Pigmented Nodular Adrenocortical Disease, Primary, 1

Watchlist
Retrieved
2019-09-22
Source
Trials
Genes
Drugs

A number sign (#) is used with this entry because primary pigmented nodular adrenocortical disease-1 (PPNAD1) is caused by heterozygous mutation in the protein kinase A regulatory subunit 1-alpha gene (PRKAR1A; 188830) on chromosome 17q.

Description

Primary pigmented micronodular adrenocortical disease is a form of ACTH-independent adrenal hyperplasia resulting in Cushing syndrome. It is usually seen as a manifestation of the Carney complex (CNC1; 160980), a multiple neoplasia syndrome. However, PPNAD can also occur in isolation (Groussin et al., 2002).
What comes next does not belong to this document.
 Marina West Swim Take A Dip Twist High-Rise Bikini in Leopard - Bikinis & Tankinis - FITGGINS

Genetic Heterogeneity of Primary Pigmented Micronodular Adrenocortical Disease

See also PPNAD2 (610475), caused by mutation in the PDE11A gene (604961) on chromosome 2q31; PPNAD3 (614190), caused by mutation in the PDE8B gene (603390) on chromosome 5q13; and PPNAD4 (615830), caused by a duplication on chromosome 19p13 that includes the PRKACA gene (601639).

Clinical Features

Arce et al. (1978) reported 4 sibs with 'familial Cushing syndrome.' Three sibs had onset around adolescence of moon facies, obesity, hypertrichosis, purple striae, and osteoporosis. Skull radiographs showed no enlargement of the sella turcica, and dexamethasone suppression resulted in no change of circulating steroid levels. Measurement of serum ACTH was not available. Functional studies showed adrenal autonomy. Adrenalectomy resulted in complete remission in 3 sibs; the fourth died from a presumed virilizing adrenal carcinoma. Histology of the 3 sibs demonstrated enlarged adrenal glands containing numerous yellow cortical nodules ranging in size from 0.3 to 1.5 cm. Lipochromic pigment was reported. Although data were lacking, this family may have had PPNAD.
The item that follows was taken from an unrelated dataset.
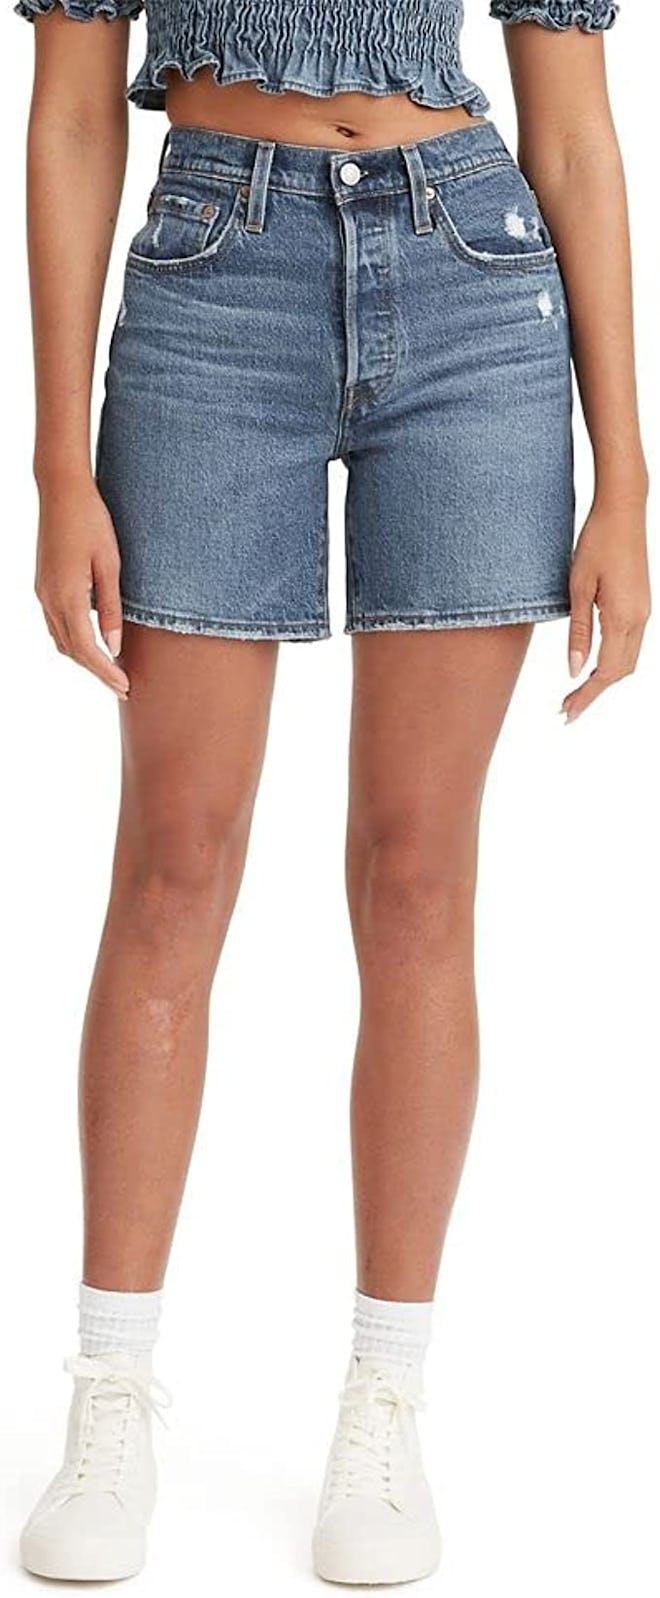 Best Mid-Length High-Waisted Jean Shorts

Donaldson et al. (1981) described a brother and sister with bilateral micronodular adrenal hyperplasia manifesting at birth. Both had clinical features of adrenal Cushing syndrome, including hypertension, increased serum cortisol, and decreased serum ACTH.

Shenoy et al. (1984) reported 4 patients, aged 12 to 21 years, with Cushing syndrome due to autonomously functioning bilateral adrenocortical neoplasms. All underwent curative adrenalectomy. Pathologic findings included decreased, normal, or slightly increased total gland weight, multiple small (less than 4 mm) black, brown, dark-green, red, or yellow nodules, and cortical atrophy and disorganization of the normal zonation between the nodules. Lipofuscin was present within most of the enlarged cortical cells. Shenoy et al. (1984) suggested the term 'primary pigmented nodular adrenocortical disease' to describe the disease entity.
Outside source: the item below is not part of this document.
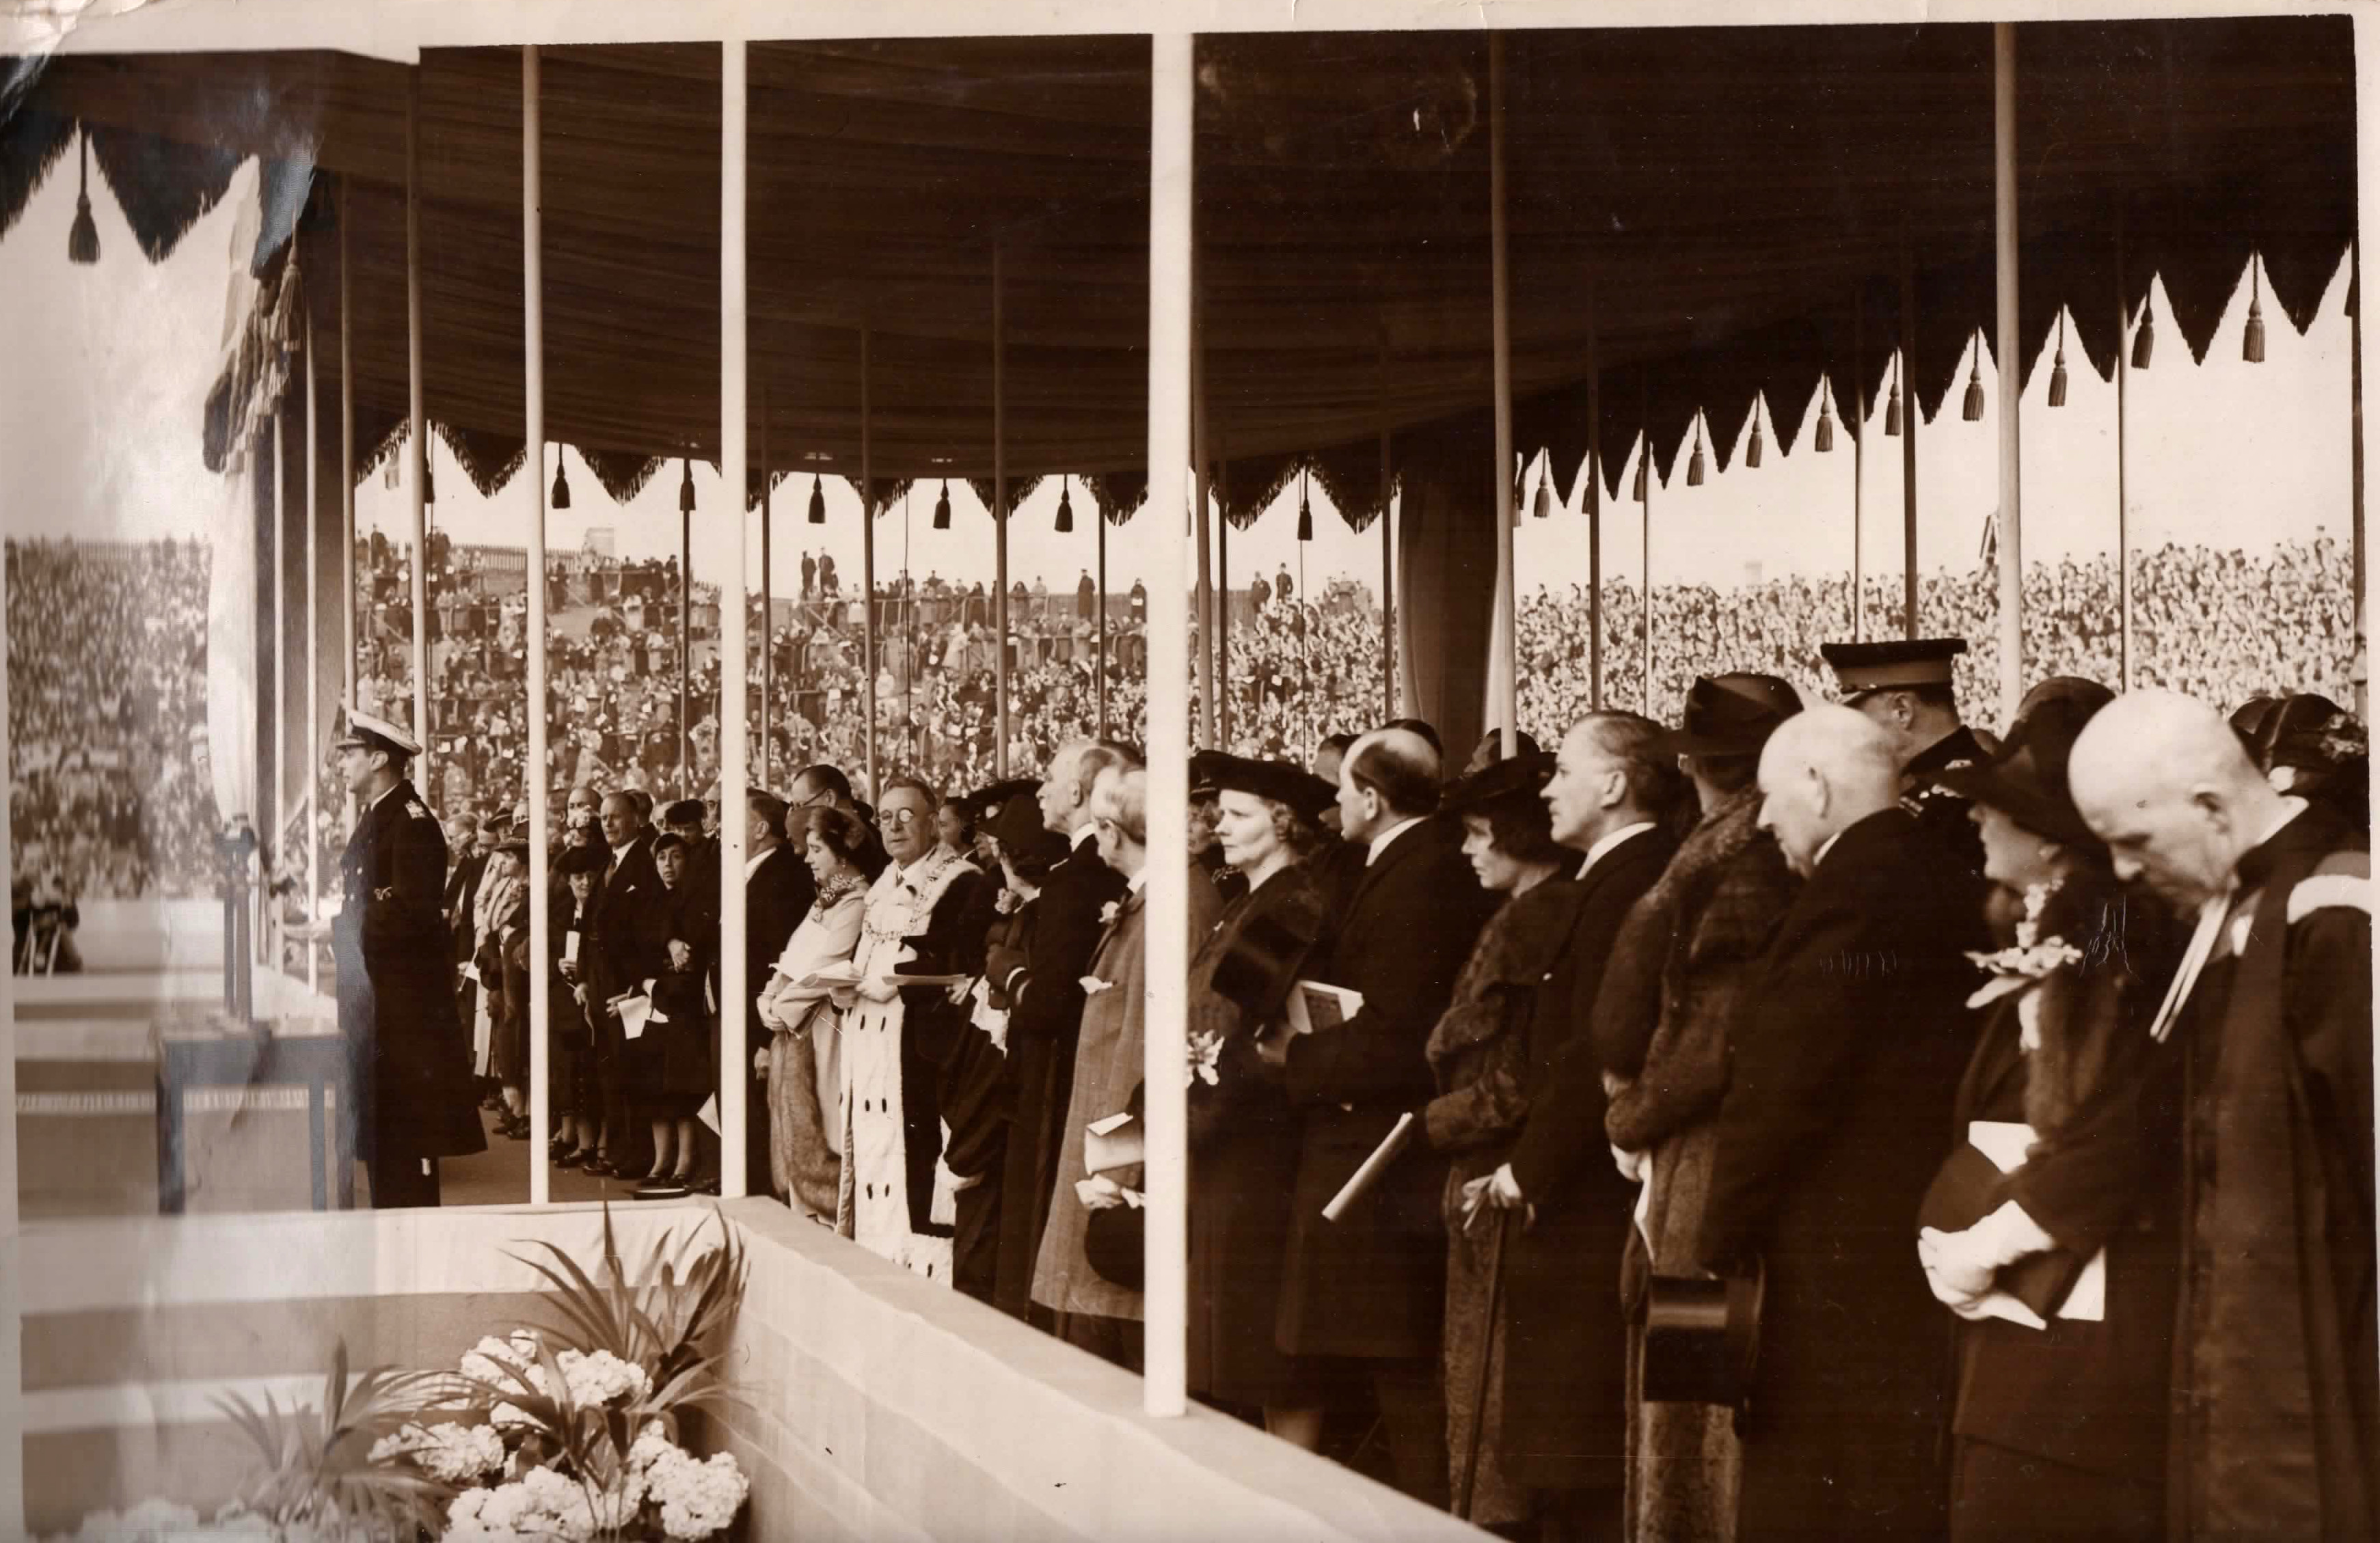 King George Open Speech at Glasgow Empire Exhibition 1937

Hodge and Froesch (1988) described 2 sisters with primary micronodular adrenocortical dysplasia leading to Cushing syndrome. Bilateral adrenalectomy was performed at ages 14 and 30 years, respectively. The disease appeared to be characterized by autonomous overactivity of nests of abnormal adrenal cells with suppression of endogenous corticotropin.

Teding van Berkhout et al. (1989) described Cushing syndrome due to pigmented nodular adrenocortical dysplasia in 2 sisters. The disorder was successfully treated by complete adrenalectomy. No evidence of associated disorders suggesting Carney syndrome was found in the 2 sisters or their first-degree relatives. However, the serum of both girls and their mother contained immunoglobulins capable of stimulating adrenal cortisol production in vitro. The results were interpreted as indicating that the disorder is an inherited disease of immunologic origin (Wulffraat et al., 1988).

Diagnosis

Stratakis et al. (1999) found that 9 (70%) of 13 patients with PPNAD demonstrated a paradoxical increase in urinary free cortisol on day 6 of the dexamethasone suppression test, a finding that distinguished patients with PPNAD from those with ACTH-independent macronodular adrenocortical hyperplasia (AIMAH; 219080).

Molecular Genetics

Groussin et al. (2002) identified mutations in the PRKAR1A gene (see, e.g., 188830.0009) in 5 unrelated patients with isolated PPNAD who had no clinical signs or symptoms of Carney complex. All of the mutations were predicted to result in truncation of the protein. The authors concluded that mutations in the PRKAR1A gene can result in isolated cases of PPNAD.